8. Yohanes Chiappinelli (Ita) 8:24.73; 9. Amor Benyahia (Tun) 8:26.12; 10. Martin Grau (Ger) 8:26.79; 11. Tom Erling Kårbø (Nor) 8:27.01 PR; 12. Boniface Abel Sikowo (Uga) 8:27.96; 13. Abdelkarim Ben Zahra (Mor) 8:36.67; 14. Kaur Kivistik (Est) 8:39.26;… dnf—Fouad Idbafdil (Mor).

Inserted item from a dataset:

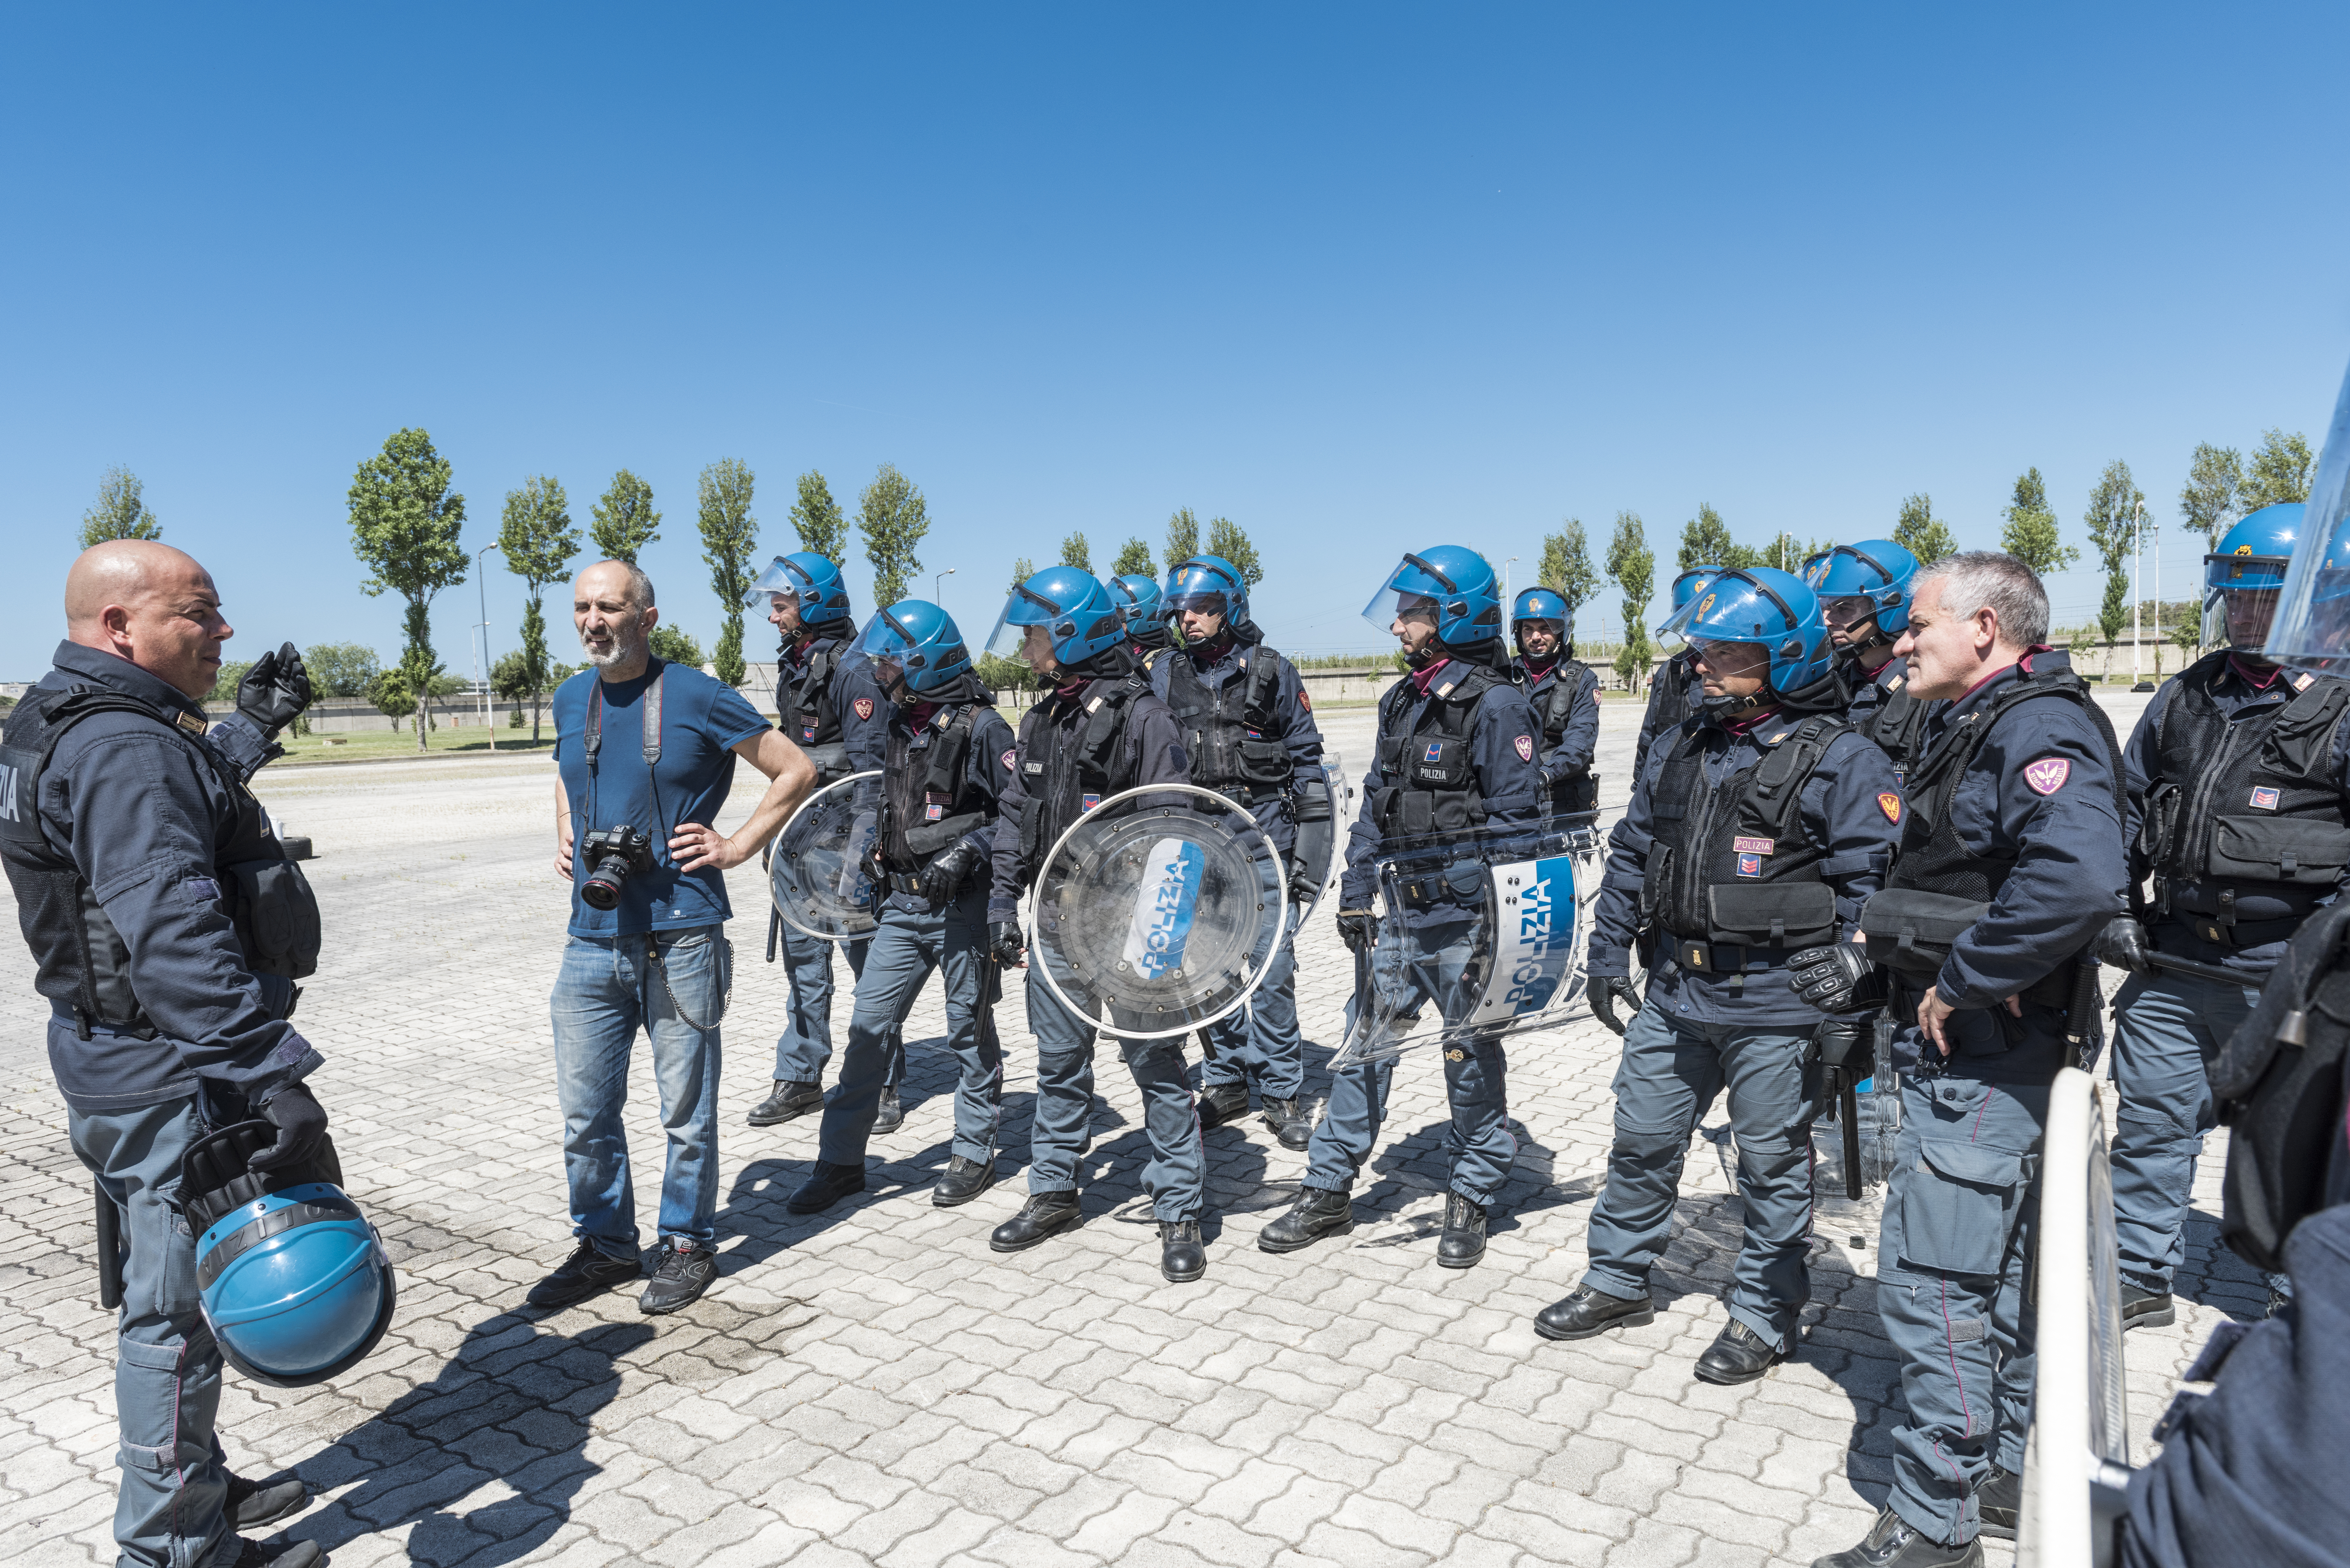 Le immagini del basckstage del calendario della Polizia di Stato per il 2018

II–1. Girma 8:16.64; 2. El Bakkali 8:17.96; 3. Kibiwot 8:18.46; 4. Bayer 8:18.66;

5. Albert Chemutai (Uga) 8:23.08; 6. Altobelli da Silva (Bra) 8:25.34; 7. Yemane Hailesilassie (Eri) 8:26.58; 8. Osama Zoghlami (Ita) 8:28.57; 9. Daniel Arce (Spa) 8:31.69; 10. Karl Bebendorf (Ger) 8:32.58; 11. John Gay (Can) 8:33.74; 12. Bilal Tabti (Alg) 8:35.15; 13. Rantso Mokopane (SA) 8:42.22; 14. Ben Buckingham (Aus) 8:42.86; 15. Krystian Zalewski (Pol) 8:51.79.

III–1. Kipruto 8:19.20; 2. Kigen 8:19.44; 3. Bor 8:20.67; 4. Beyo 8:21.09; 5. Ibrahim Ezzaydouny (Spa) 8:23.99; 6. Benjamin Kiplagat (Uga) 8:24.44; 7. Sable 8:25.23 NR;

8. Topi Raitanen (Fin) 8:32.44; 9. Ryan Smeeton (Can) 8:32.53; 10. Carlos Andrés San Martín (Col) 8:35.10; 11. Salim Mohammed Salim (Egy) 8:35.18; 12. Yoann Kowal (Fra) 8:37.90; 13. Takele Nigate (Eth) 8:38.34; 14. Yaser Salem Bagharab (Qat) 8:39.65; 15. Otmane Nait-Hammou (Mor) 9:30.17;… dnf—Mohammed Tindoufti (Mor).